И снова с телефоном повезло. Соединилось с первого раза. И подошла не соседка, постоянно торчащая у телефона, а Светланина свекровь. И та сказала деликатно, так же, как Мариша наливает чай в чашки, что какой может быть разговор, если человеку надо помочь. Пусть приезжает, они подождут их с обедом…

– Ну вот и хорошо, – сказала Мариша. – Только ты, когда твоя Клюева будет давать тебе деньги на хлеб, сахар – я не знаю, на что еще! – бери. Не делай больших глаз, Светка, бери обязательно. Ей будет от этого легче, Клюевой. Понимаешь?

– Откуда ты все знаешь? – засмеялась Светка. – Ты эту Клюеву в глаза не видела.

– Не важно. Но ты это запомни. Я тебя знаю, начнешь возмущаться, что человек тебе деньги предлагает.

– Это еще неизвестно, – ответила Светка. – Клюева – хороша штучка. У меня вся надежда на Неонилу Александр овну.

– У тебя золотая свекровь. Кстати, у меня такая же. Слушай, а что, если я попрошу тебя об одной малости?

– Ну?

– Мне звонила Ася. Она едет в командировку на север. У меня есть чудные теплые валенки. Ей без них не обойтись. Занеси их ей завтра на работу. Это ведь рядом, а то она закрутилась и, боюсь, не найдет времени за ними заехать.

– Давай.

– Это прекрасно! Я в них еще суну платок, Аська совершенно неразумная дурочка…

– Как она там?

– Страдает комплексами. Ей кажется, что она темная и ничего не знает… Редакционные девицы там перед ней выпендриваются… Боже! Какой защищенной я чувствую себя в моем институте!

– Эго личное твое свойство и умение.

– Находить защищенное место? Ты меня судишь, киса? Зря!

– Ради Бога! Я тобой восхищаюсь, как и все.

– Не надо ни осуждать, ни восхищаться. Каждому свое. Но только самому сильному – журналистика.

– Я так не считаю. Трое суток шагать, не спать… Это еще такая малость по нынешнему времени.

– Шагать и не спать? Безусловно! Но разве я об этом? Это разговор долгий. В другой раз. И подбодри как-нибудь Асю… Вот валенки.

– Я этого не умею.

– Ну, тогда поцелуй ее. И скажи ей, как врач, чтоб валенки надевала обязательно. Ну, пока, киса! Звони. Расскажешь, как там твоя Клюева с ее множественным переломом голени.

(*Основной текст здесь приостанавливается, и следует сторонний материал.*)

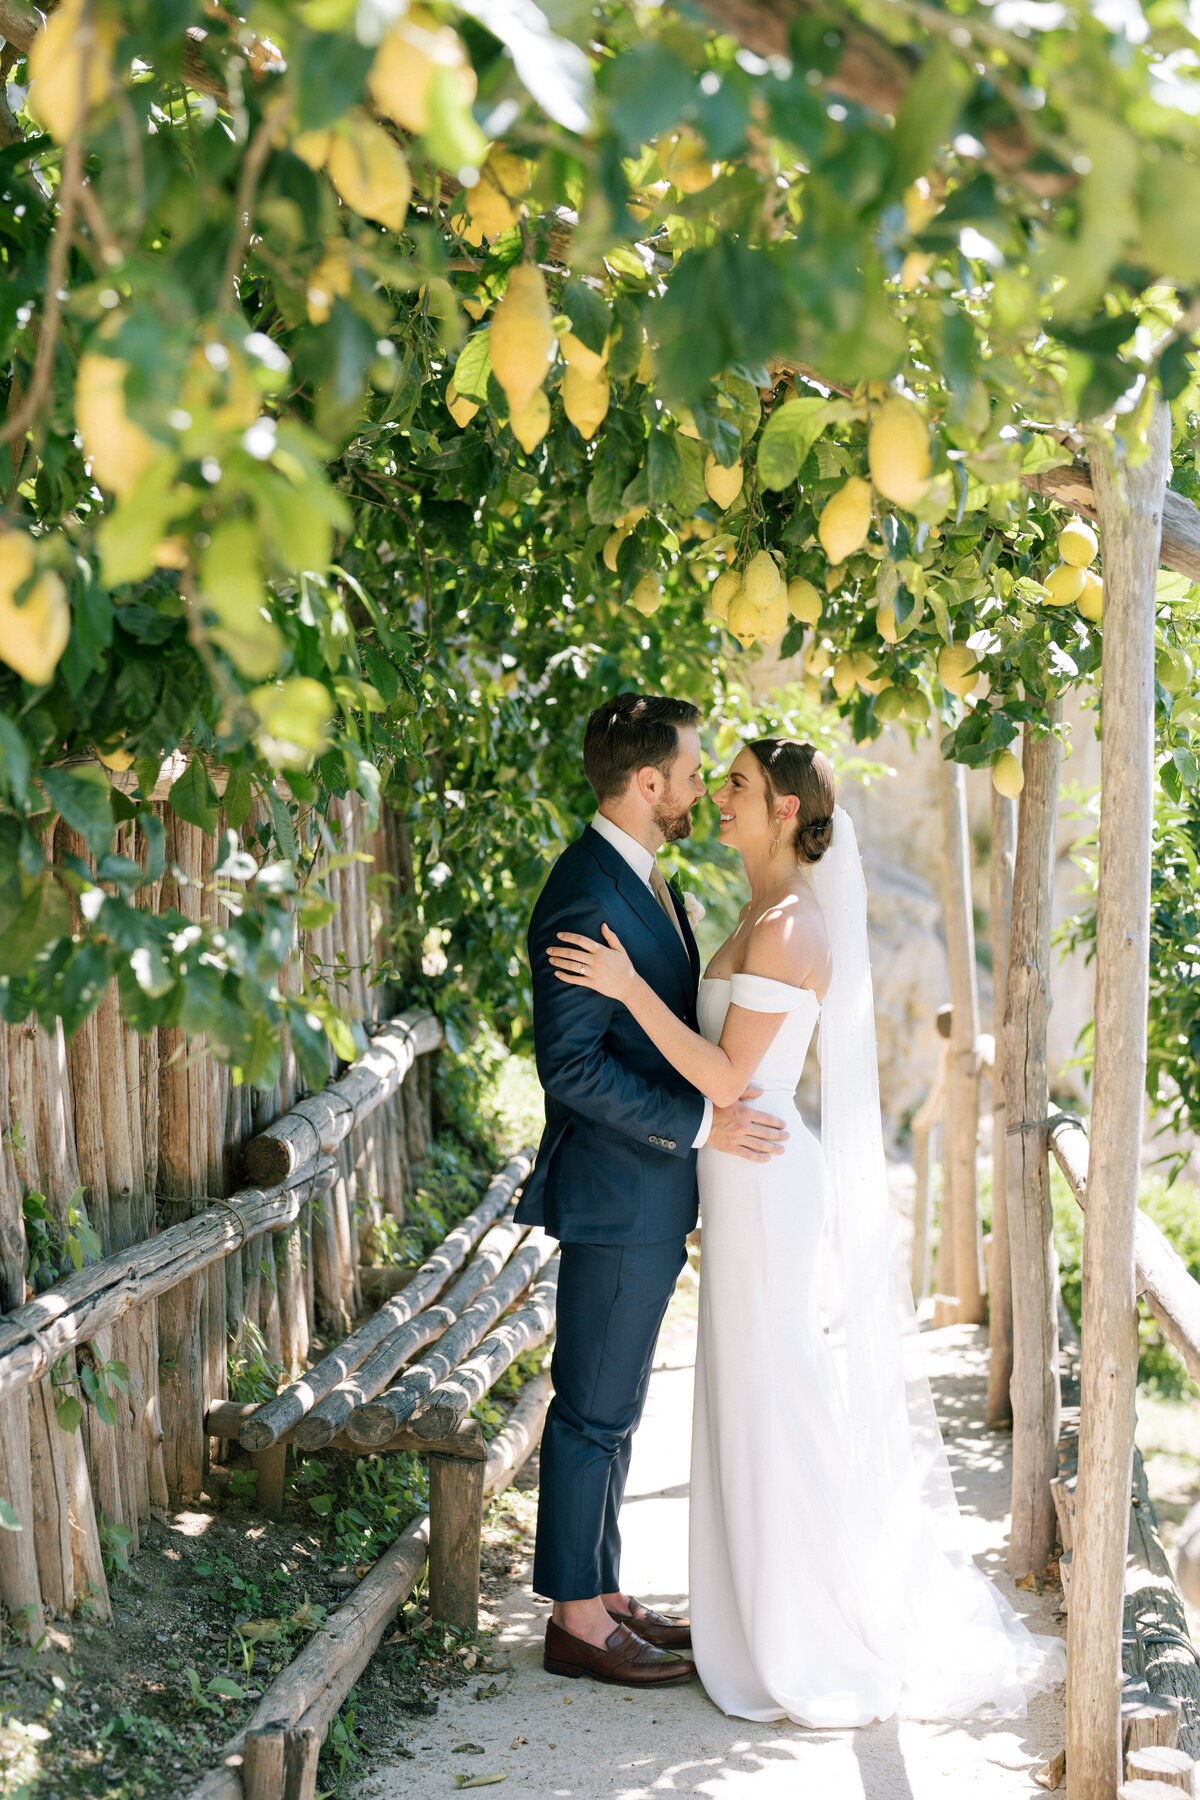 Bride and groom in lemon groves in Positano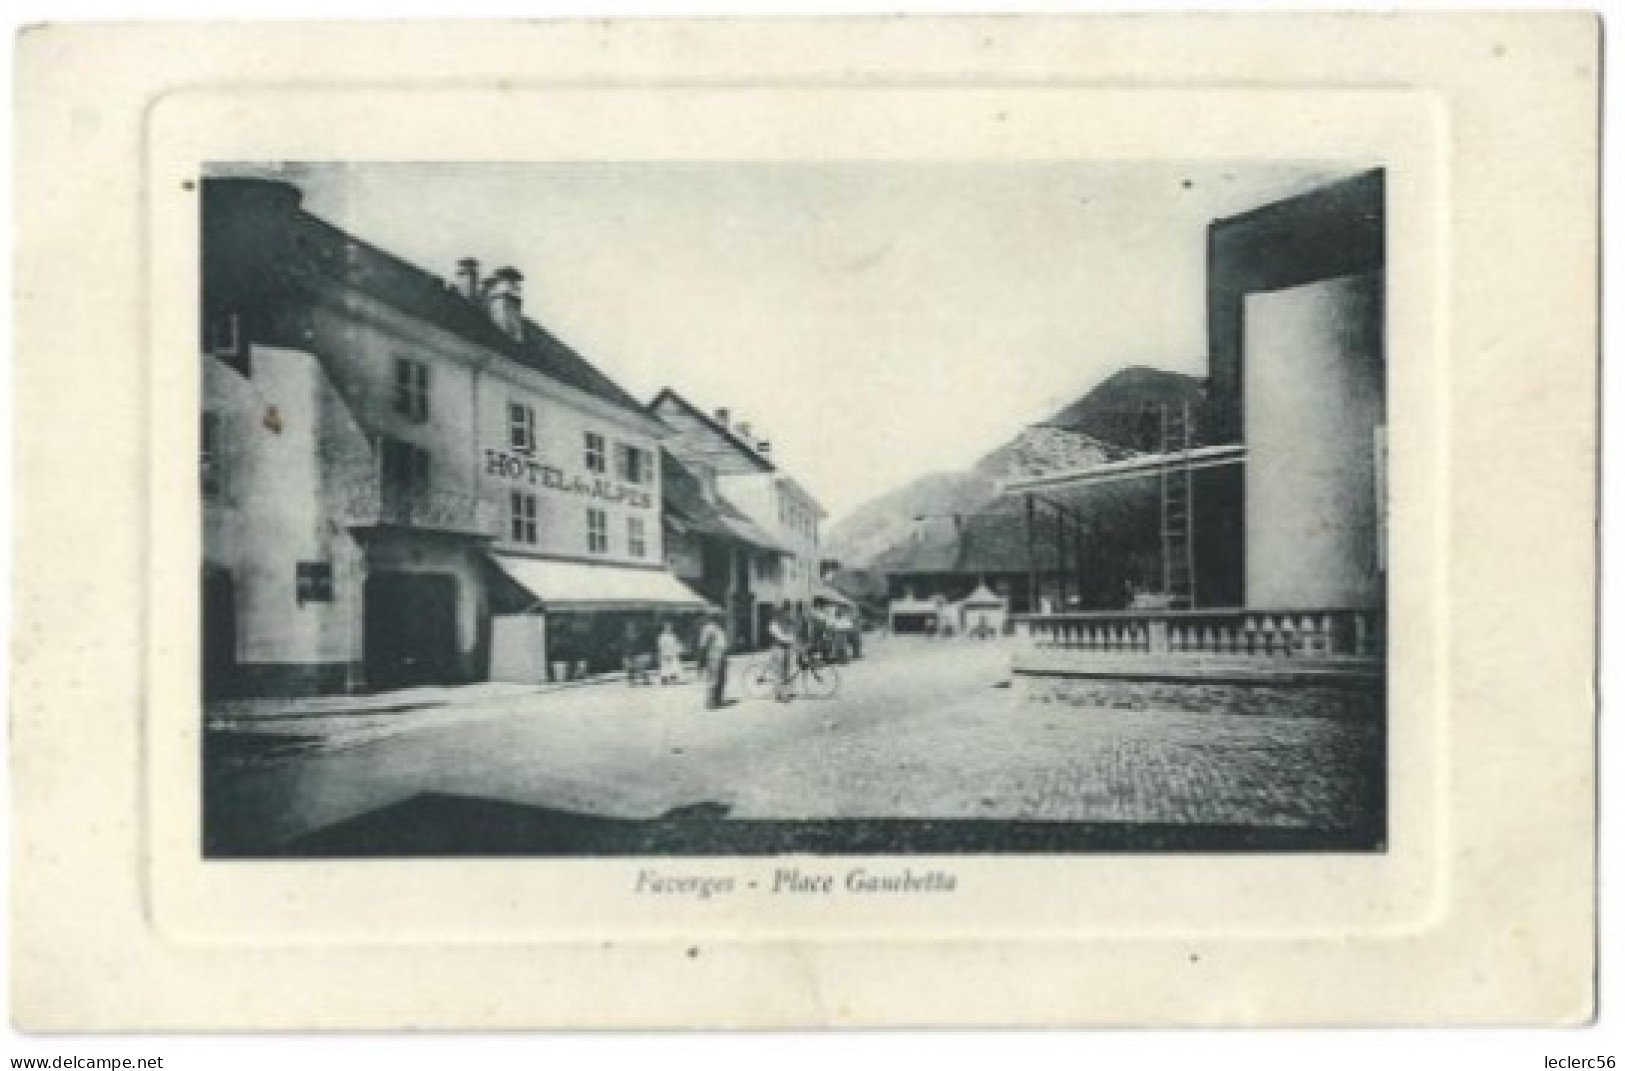 74 FAVERGES PLACE GAMBETTA Hôtel Des Alpes 1916 CPA 2 SCANS - Faverges

– Никто этого не говорит, но ведь некоторый наследственный идиотизм у меня имеется? А? Честно?

Олег видел: из подъезда Мариши выскочила Светлана с большим свертком в руках. Она пошла в сторону от остановки, и остановить ее было трудно – надо было бежать. Но если бы он ее задержал и взял у нее валенки, наверняка предназначенные Асе, тогда его приезд к Марише был бы оправдан: Асе не в чем ехать, а ему после разговора с Крупеней все равно надо мозги проветрить, вот он и приехал сюда за валенками. А с другой стороны, Светка уже спустилась в овражек, ее не догнать, а Маришин дом – рядом, занавеска у нее на окне подоткнулась как-то смешно, по-девчоночьи, веселая такая занавеска, в мячиках.